Warranting further investigation

These eyebrow-raising preliminary findings are now slated for deeper exploration by the team. One potential avenue of future research involves testing a wider range of foods, with a follow-up investigation into the notion that foods boasting high DNA content, such as animal products, might present a greater potential genetic hazard compared to low-DNA-level sustenance like potatoes and other plant-based foods. Additionally, the examination of cooking methods simulating various food preparations, such as extended cooking times beyond the 20-minute mark, is in the researchers’ plans.

Importantly, the research scope will need to be expanded to encompass the long-term exposure to lower doses of heat-damaged DNA, which is anticipated over decades of consumption in typical human diets. This contrasts with the high doses administered in the proof-of-concept study.

“A lot of questions are raised by our study regarding an entirely unexplored, albeit potentially significant, chronic health risk associated with the consumption of foods that are grilled, fried, or otherwise prepared using high heat,” remarked Kool. “The ultimate direction of these initial findings remains uncertain, and we extend an invitation to the broader research community to build upon them.”

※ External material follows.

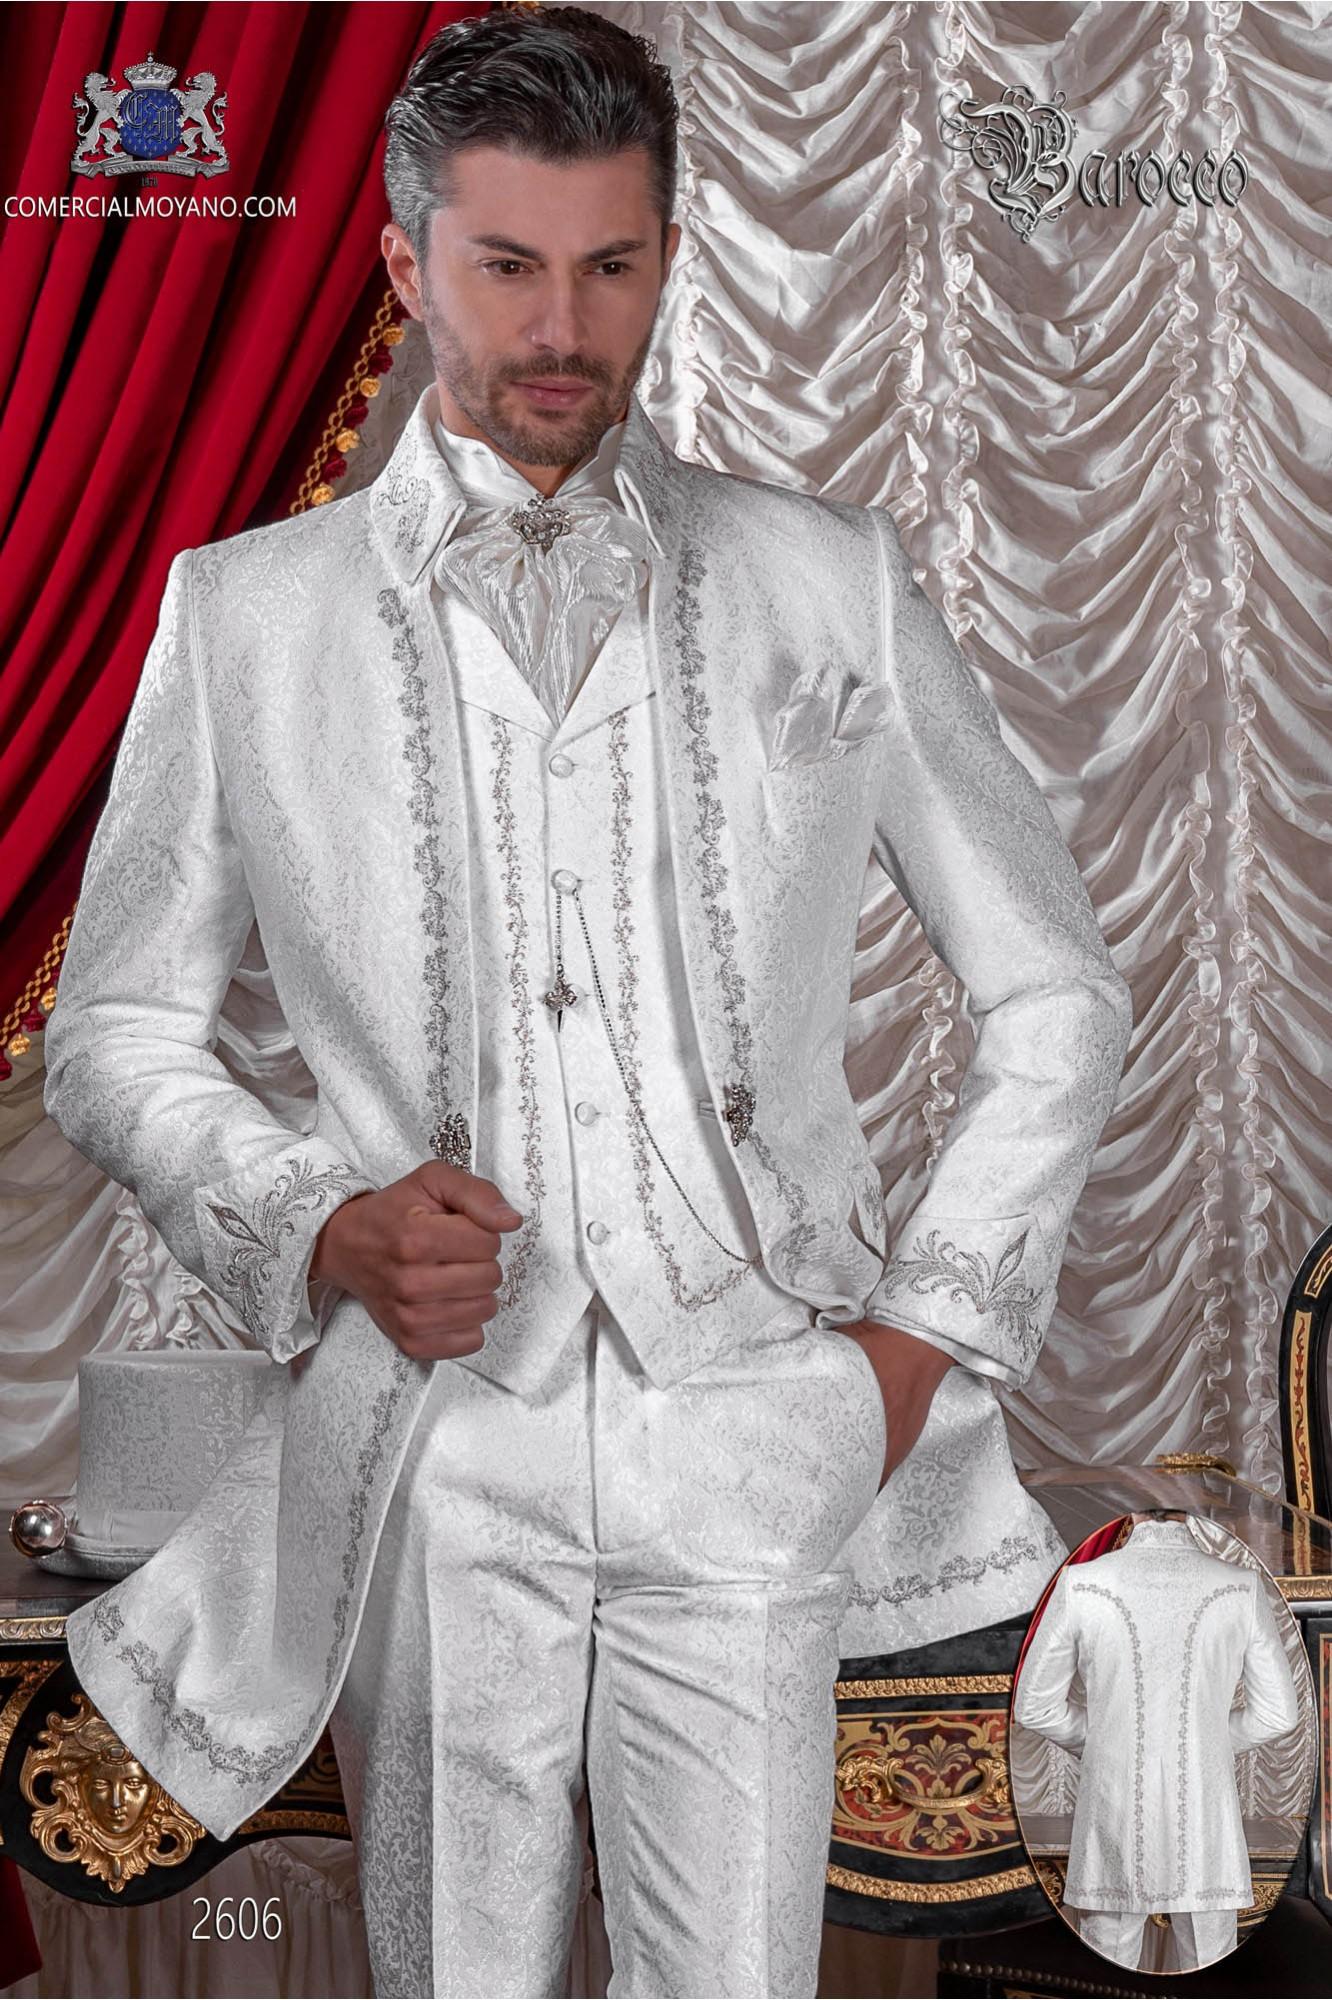 Traje de novio barroco, casaca de época cuello Napoleón en tejido jacquard blanco con bordados plateados y broche de cristal

The consumption of foods prepared at high temperatures has been associated with numerous health risks. To date, the chief identified source of risk has been small molecules produced in trace levels by cooking and reacting with healthy DNA upon consumption. Here, we considered whether the DNA in food itself also presents a hazard. We hypothesize that high-temperature cooking may cause significant damage to the DNA in food, and this damage might find its way into cellular DNA by metabolic salvage. We tested cooked and raw foods and found high levels of hydrolytic and oxidative damage to all four DNA bases upon cooking. Exposing cultured cells to damaged 2′-deoxynucleosides (particularly pyrimidines) resulted in elevated DNA damage and repair responses in the cells. Feeding a deaminated 2′-deoxynucleoside (2′-deoxyuridine), and DNA containing it, to mice resulted in substantial uptake into intestinal genomic DNA and promoted double-strand chromosomal breaks there. The results suggest the possibility of a previously unrecognized pathway whereby high-temperature cooking may contribute to genetic risks.